(ACTIVITY)
Below, some lines carry pictures; leave those pictures out and retype exactly the lines from the one with "Жакет с контрастной" through the one with "Este localizador GPS".

(DATA TO USE)
*** Begin section ***

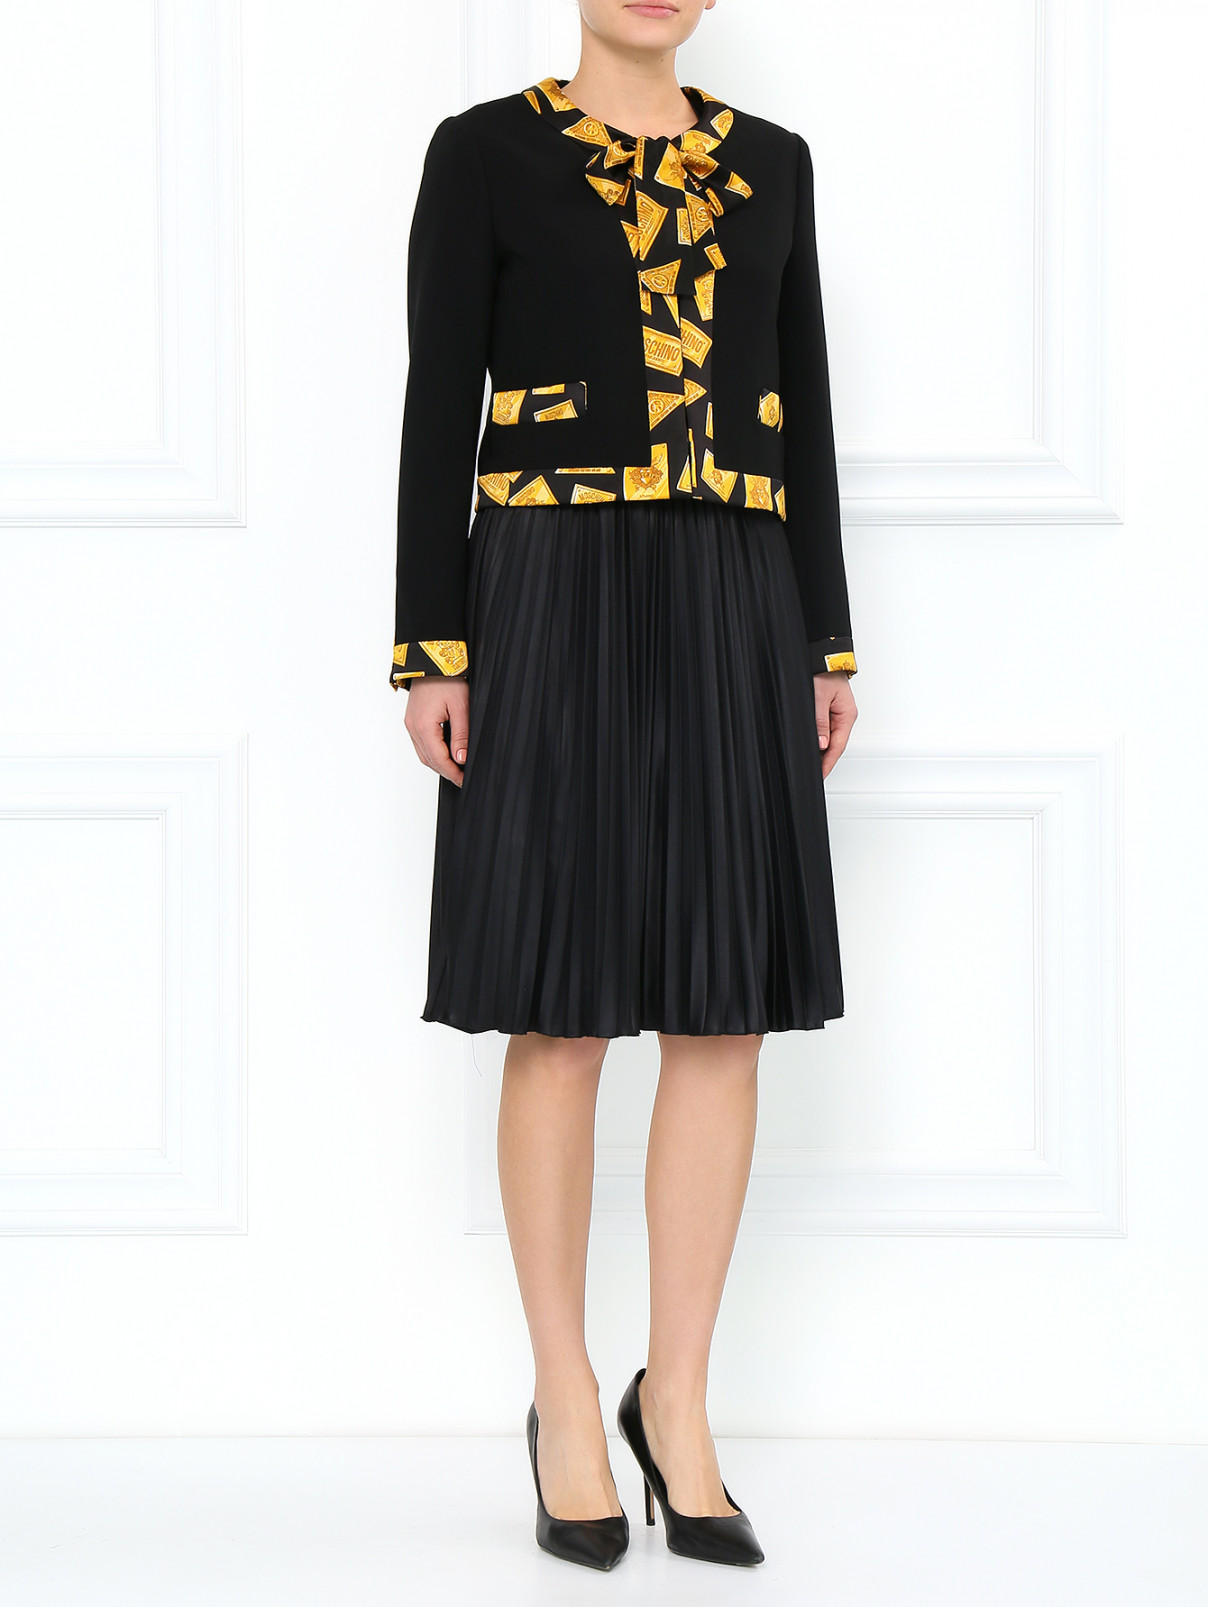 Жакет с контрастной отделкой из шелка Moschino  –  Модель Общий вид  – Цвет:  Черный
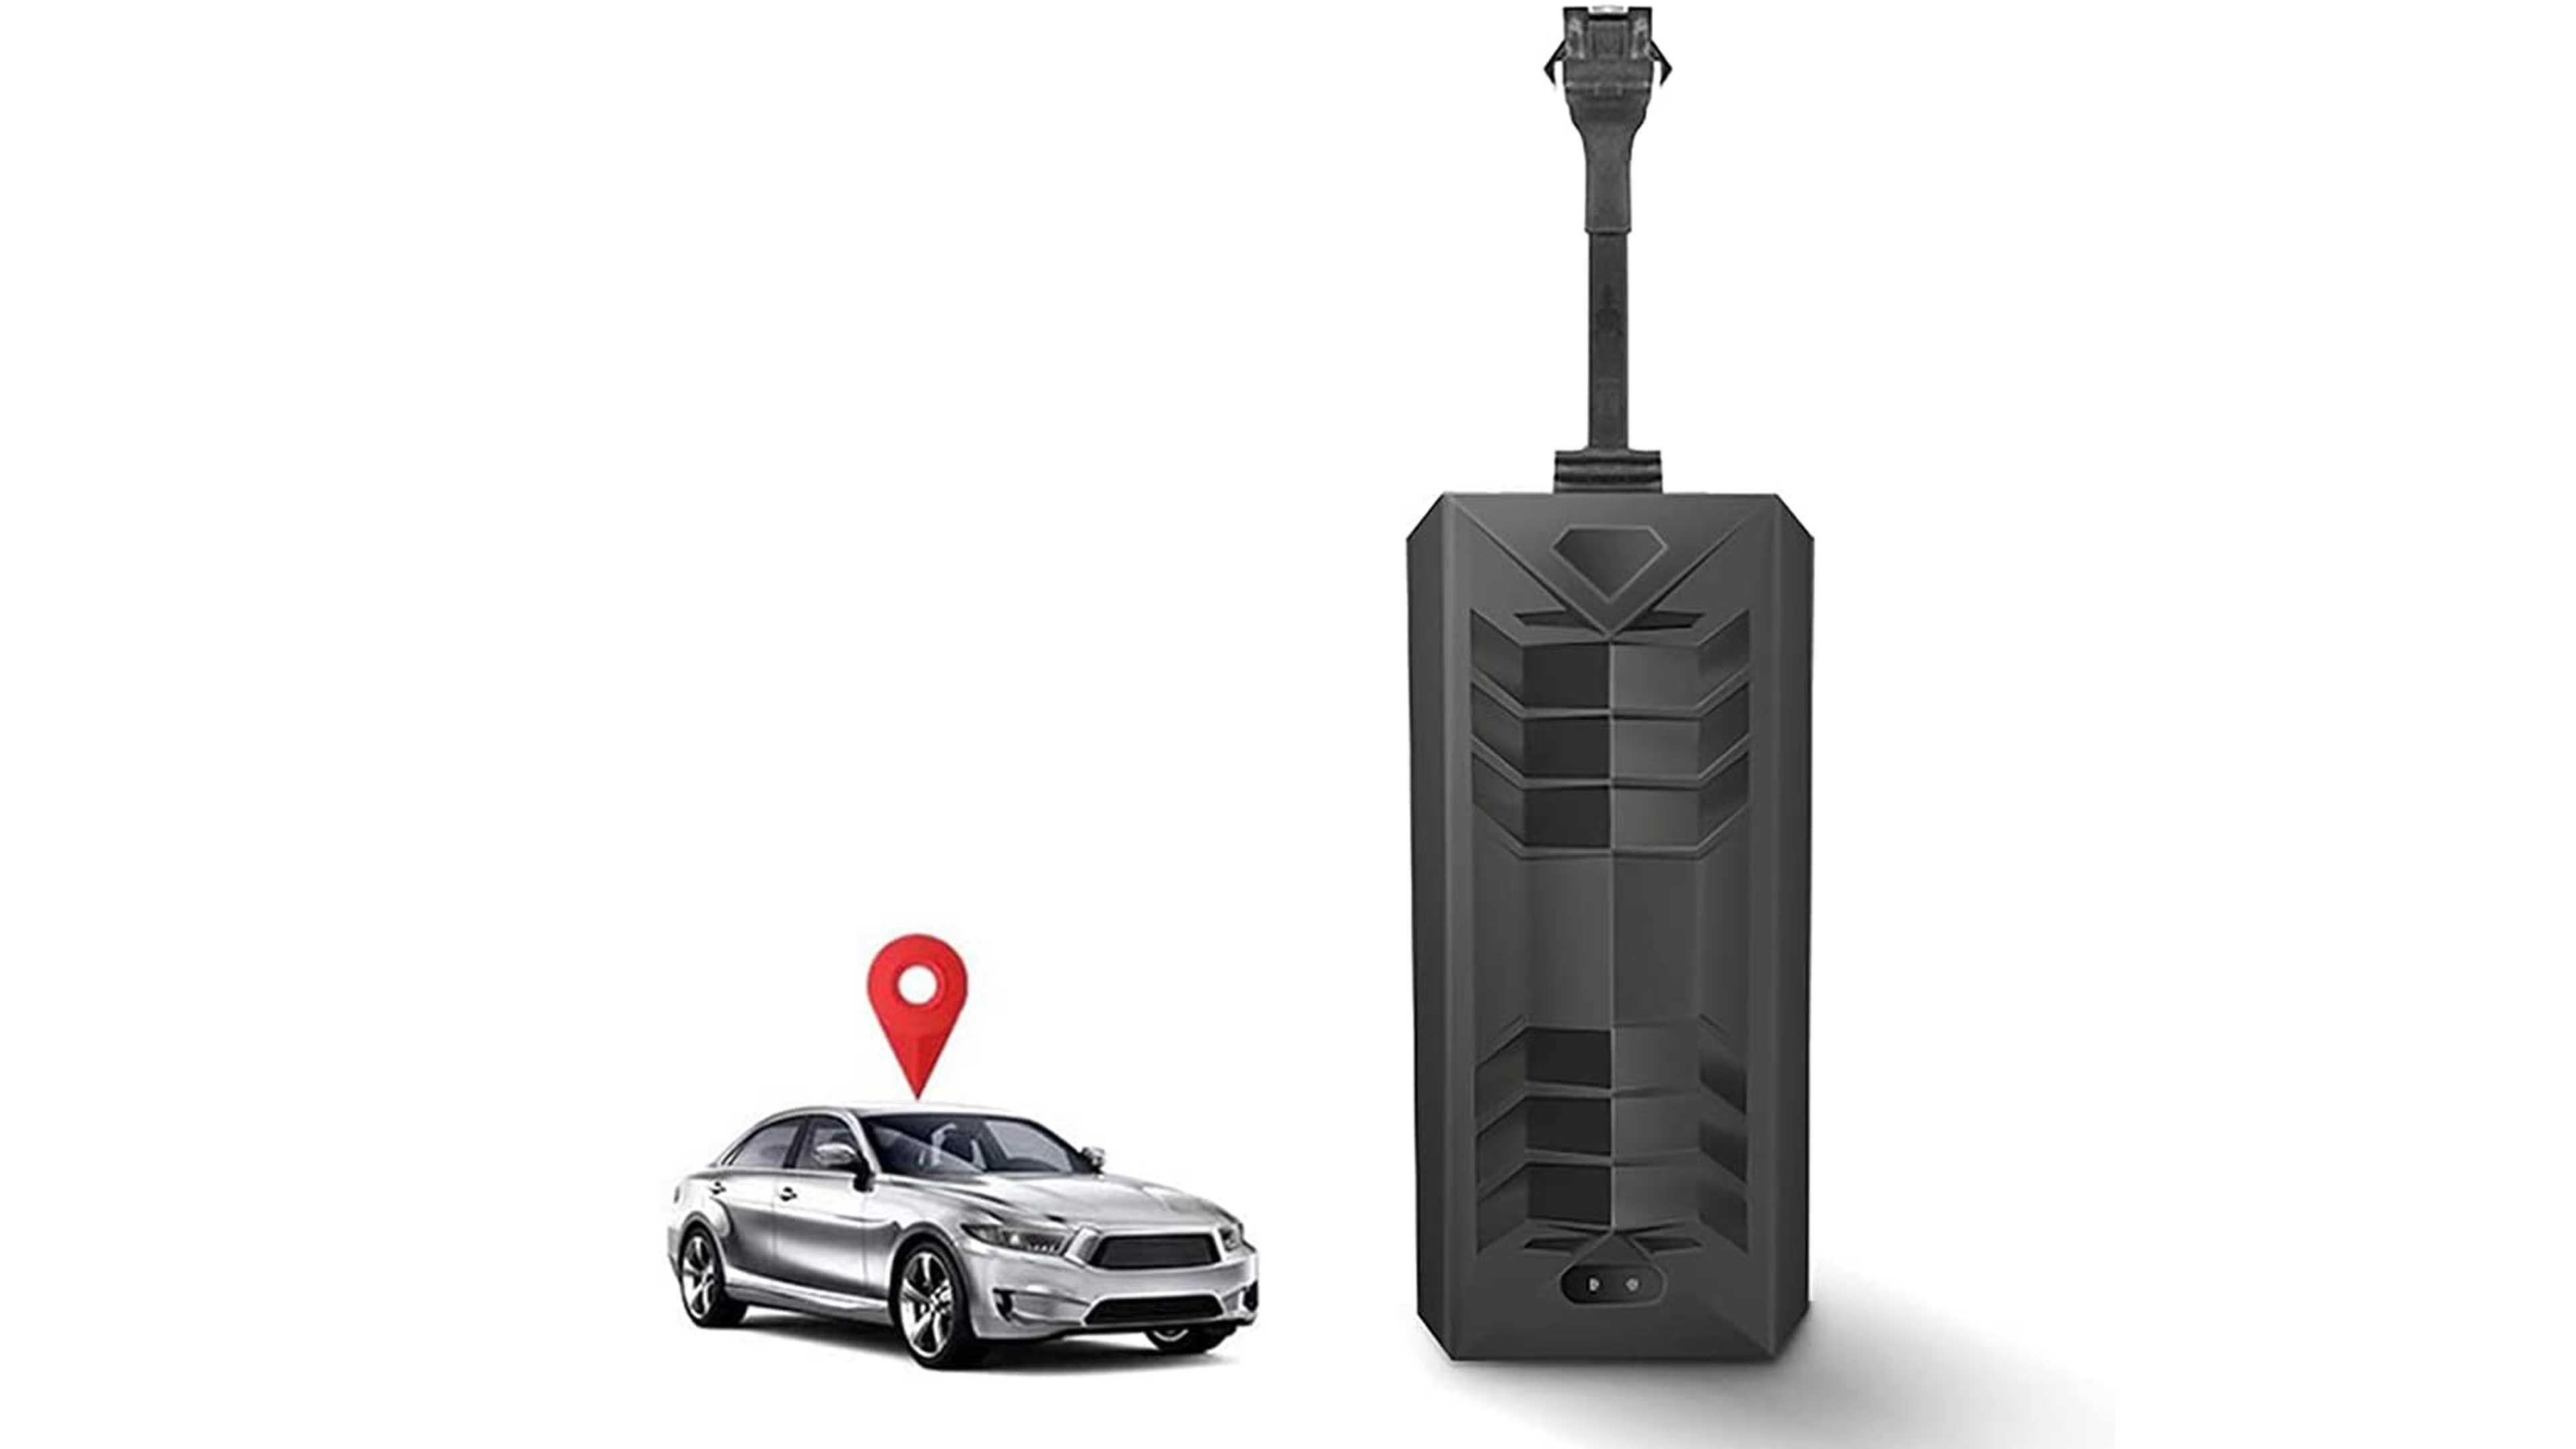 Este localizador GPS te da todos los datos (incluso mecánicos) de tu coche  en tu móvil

*** End section ***
*** Begin section ***

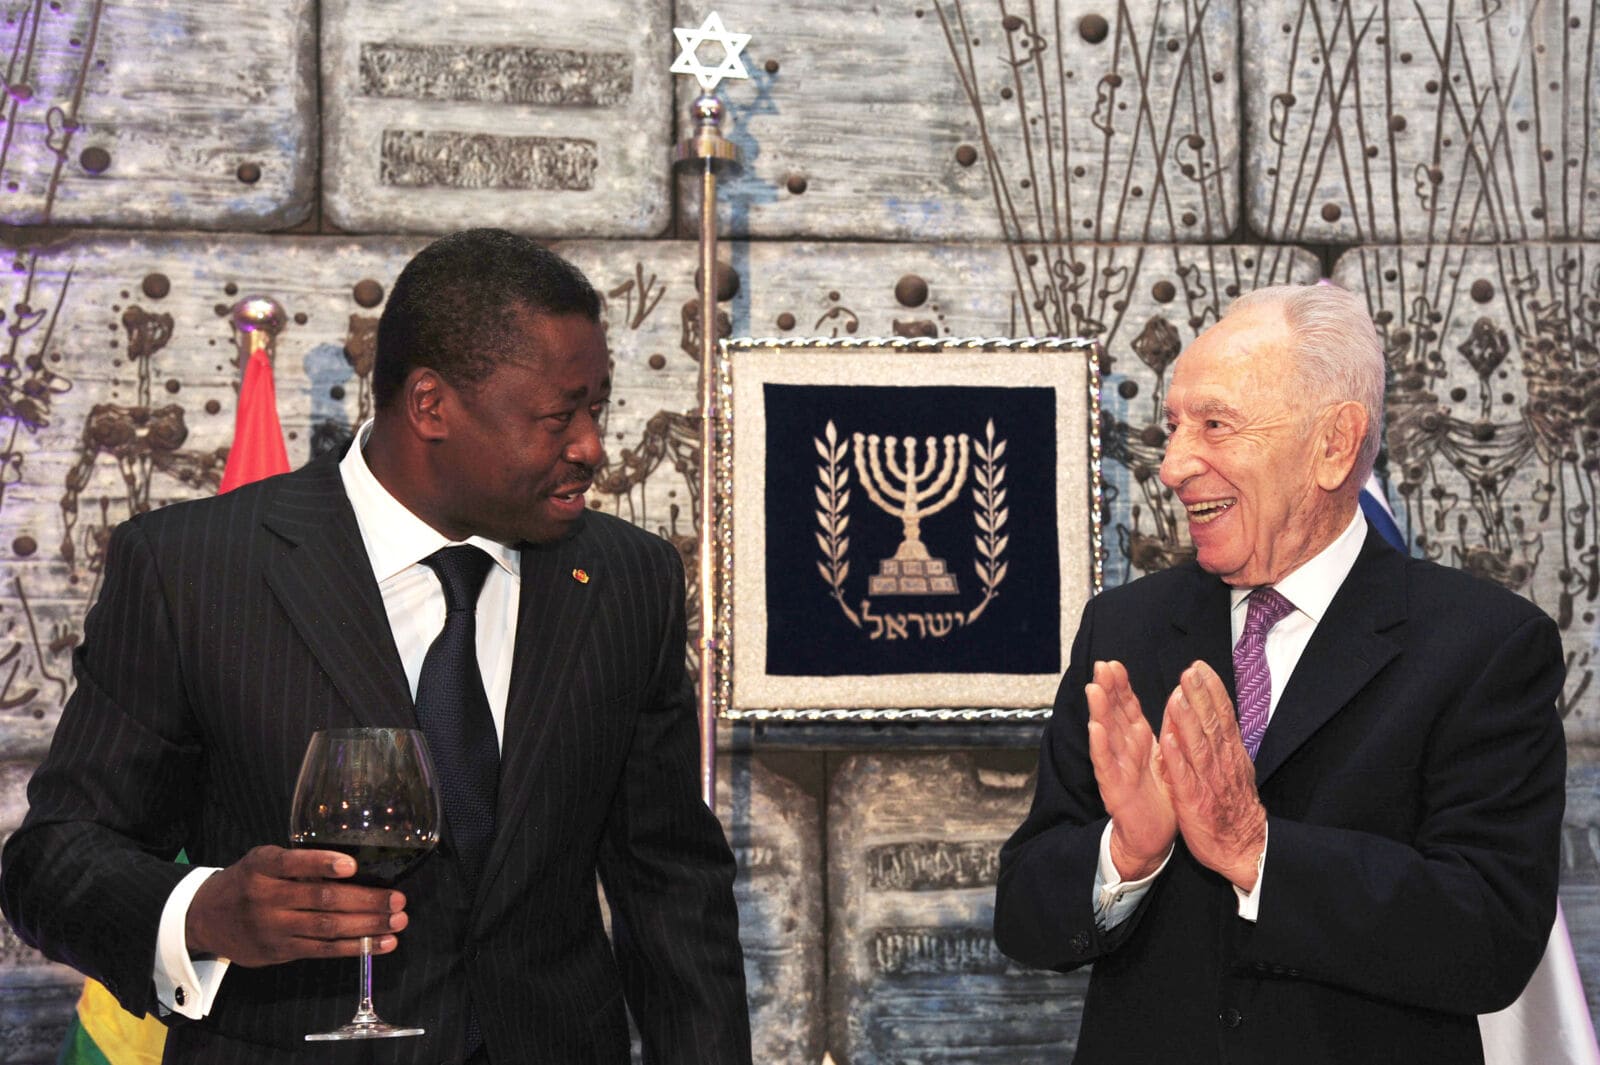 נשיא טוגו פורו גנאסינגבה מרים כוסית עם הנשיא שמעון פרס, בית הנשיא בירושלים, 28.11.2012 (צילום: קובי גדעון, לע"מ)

*** End section ***

(TASK SOLUTION)
 Жакет с контрастной отделкой из шелка Moschino  –  Модель Общий вид  – Цвет:  Черный
 Este localizador GPS te da todos los datos (incluso mecánicos) de tu coche  en tu móvil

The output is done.